James C. Gahan, Jr. ( John T. Underhill with him) for Cambridge Tool Mfg. Co., Inc.
Carmin C. Reiss for Bellofram Corporation.
Bellofram Corporation (Bellofram) assembles and sells "air regulators," instruments which regulate air pressure. Sometime before 1973, Bellofram acquired from an outside source a number of dies which it provided in that year to Cambridge Tool Mfg. Co., Inc. (Cambridge), a die casting company. The dies were to be used by Cambridge in its die casting machine for the fabrication of parts needed by Bellofram. Cambridge modified the dies in some particulars and used them to produce parts for Bellofram in the period from 1973 to the date of the accident which gave rise to the instant litigation.

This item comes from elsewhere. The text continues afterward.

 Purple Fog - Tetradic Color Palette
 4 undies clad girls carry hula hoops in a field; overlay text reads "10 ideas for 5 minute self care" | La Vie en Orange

On May 1, 1980, the plaintiff Antonio Marques, a supervising employee of Cambridge, and Barbara Hardy, another Cambridge employee, were trying to bring the recently repaired "cover" half of one of the dies into the die casting machine and into position with respect to the "ejector" half. An eyebolt, threaded into the cover, connected the cover to a chain hoist. Marques evidently was cradling the underside of the cover with his right hand while it was being lowered. Unfortunately the cover fell. Marques suffered severe injuries to his hand; he lost parts of four fingers.
Marques sued Bellofram for his injuries on grounds of negligence, breach of warranty, and strict liability. Joining him as plaintiffs against Bellofram were his wife and two daughters claiming damages for losses of spousal and parental consortium. The wife and daughters brought in Cambridge as a defendant and, charging Cambridge with negligence, claimed damages for the losses of consortium.
The strict liability theory was abandoned.
A judge of the Superior Court at first allowed Bellofram's motion for summary judgment dismissing the action against it, but on reconsideration he permitted the negligence ground to stand. Thus trial proceeded on negligence theories against Bellofram and Cambridge.
The jury returned special verdicts finding that Bellofram was not negligent; that Marques and Hardy were negligent, and that their negligence was the proximate cause of the injuries to Marques and correspondingly of the consortium injuries; and that Cambridge was not otherwise negligent. The consortium plaintiffs were awarded damages of $66,000 — $41,000 for the wife and $12,500 for each of the daughters — against Cambridge, Cambridge being held for negligence on a basis of respondeat superior. Postverdict motions were denied.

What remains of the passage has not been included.